2. Distribution of gene detection rate:

gene.stats <- data.frame(detection = rowMeans(gene.exp>0),
                         mean_exp = rowMeans(gene.exp),
                         var_exp = apply(gene.exp, 1, var))
ggplot(gene.stats,aes(x=detection)) + geom_histogram(color="lightcyan3", fill="lightcyan4") +
    xlab(label = '% of cells a gene is detected in') + 
    theme_classic() + theme(axis.text = element_text(size = 14),
                          axis.title = element_text(size = 14,face = 'bold'))

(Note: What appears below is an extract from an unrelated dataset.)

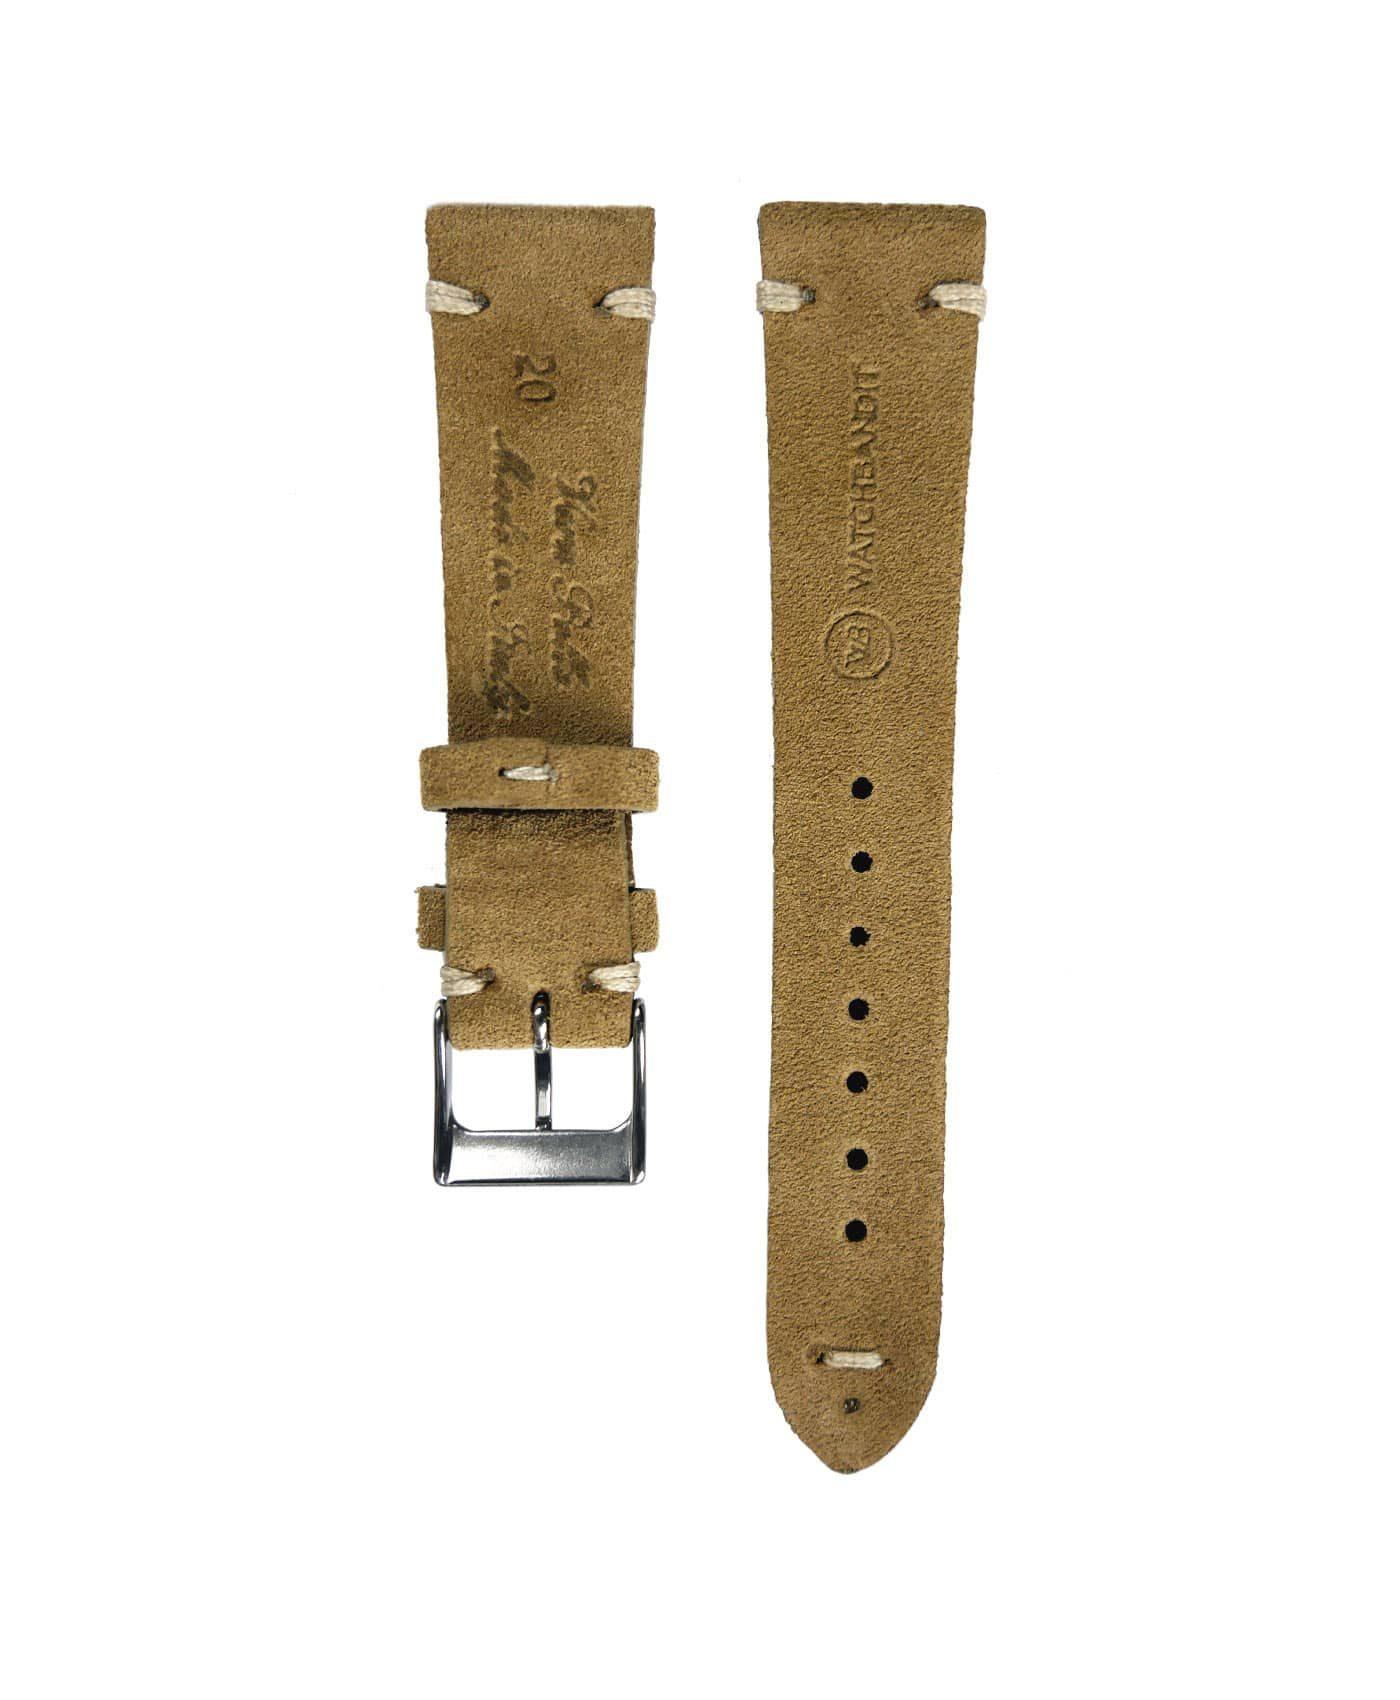 WB original premium suede watch strap beige back

Library size/sequencing depth of cells ~ gene expression??

3. Library size ~ genes detected

lib.size$n_genes <- colSums(gene.exp>0)
ggplot(lib.size, aes(log10(lib), n_genes)) + geom_point(alpha=0.3, shape=16) + 
  geom_density_2d(size = 0.3) + xlab(label = 'log10(total UMI count)') + 
  ylab(label = '# of genes detected') + theme_bw() + theme(axis.text = element_text(size = 14),
                          axis.title = element_text(size = 14,face = 'bold'))

4. Gene expression mean ~ variance:

ggplot(gene.stats, aes(log10(mean_exp), log10(var_exp))) + 
  geom_point(alpha=0.3, shape=16) + geom_density_2d(size = 0.3) +
  geom_abline(intercept = 0, slope = 1, color='red') + 
  xlab(label = 'log10(mean of expression)') + 
  ylab(label = 'log10(variance of expression)') + theme_bw() +
  theme(axis.text = element_text(size = 14),axis.title = element_text(size = 14,face = 'bold'))

We can see that up to a mean UMI count of ~1, the mean-variance follows the red 1:1 line, i.e. variance and mean are roughly equal (as expected under a Poisson model). However, genes with a higher average UMI count show overdispersion compared to Poisson.

5. Gene mean expression ~ detection rate:

x = seq(from = -3, to = 2, length.out = 1000)
poisson_model <- data.frame(log_mean = x, detection_rate = 1 - dpois(0, lambda = 10^x))
ggplot(gene.stats,aes(x=log10(mean_exp),y=detection)) + geom_point(alpha=0.3, shape=16) +
  geom_line(data=poisson_model, aes(x=log_mean, y=detection_rate), color='red') +
    xlab(label = 'log10(mean expression)') + 
    ylab(label = 'detection rate') +
    theme_bw() + theme(axis.text = element_text(size = 14),
                          axis.title = element_text(size = 14,face = 'bold'))

Red curve: the expected detection rate under Poisson model.
We see a lower than expected detection rate in the medium expression range. However, for the highly expressed genes, the rate is very close to 1.0, suggesting that there is no zero-inflation in the counts for those genes and that zero-inflation is a result of overdispersion, rather than an independent systematic bias.